Task objective:
With the records below as input, work out how many lines include the word "Stock". Give only the number.

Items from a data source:
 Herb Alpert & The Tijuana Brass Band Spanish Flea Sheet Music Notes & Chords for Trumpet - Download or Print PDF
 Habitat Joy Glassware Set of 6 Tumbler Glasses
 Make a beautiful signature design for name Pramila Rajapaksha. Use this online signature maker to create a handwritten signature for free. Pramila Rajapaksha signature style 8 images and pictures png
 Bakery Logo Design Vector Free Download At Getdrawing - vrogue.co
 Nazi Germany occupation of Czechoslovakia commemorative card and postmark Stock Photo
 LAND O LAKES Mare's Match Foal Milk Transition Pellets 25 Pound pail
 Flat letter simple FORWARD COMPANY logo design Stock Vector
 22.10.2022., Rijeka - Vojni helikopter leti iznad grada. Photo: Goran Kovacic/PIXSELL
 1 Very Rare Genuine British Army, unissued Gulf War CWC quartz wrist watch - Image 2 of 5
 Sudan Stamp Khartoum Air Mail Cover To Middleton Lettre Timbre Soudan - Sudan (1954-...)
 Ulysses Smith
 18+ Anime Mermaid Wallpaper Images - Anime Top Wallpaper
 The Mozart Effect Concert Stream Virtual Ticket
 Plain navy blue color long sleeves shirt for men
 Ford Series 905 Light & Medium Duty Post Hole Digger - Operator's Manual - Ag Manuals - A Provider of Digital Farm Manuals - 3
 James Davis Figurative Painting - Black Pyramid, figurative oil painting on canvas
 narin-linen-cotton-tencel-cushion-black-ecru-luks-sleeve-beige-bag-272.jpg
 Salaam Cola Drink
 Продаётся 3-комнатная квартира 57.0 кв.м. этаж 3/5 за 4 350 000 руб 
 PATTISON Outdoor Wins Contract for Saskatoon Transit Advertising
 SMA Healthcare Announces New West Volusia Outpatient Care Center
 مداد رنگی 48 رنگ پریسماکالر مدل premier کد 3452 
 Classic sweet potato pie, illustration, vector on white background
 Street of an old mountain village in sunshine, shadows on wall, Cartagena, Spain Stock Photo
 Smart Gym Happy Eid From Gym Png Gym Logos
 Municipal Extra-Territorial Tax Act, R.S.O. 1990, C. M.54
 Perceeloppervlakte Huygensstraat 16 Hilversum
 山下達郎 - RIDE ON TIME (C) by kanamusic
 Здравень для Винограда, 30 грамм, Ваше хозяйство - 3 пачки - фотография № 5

Solution to this problem:
3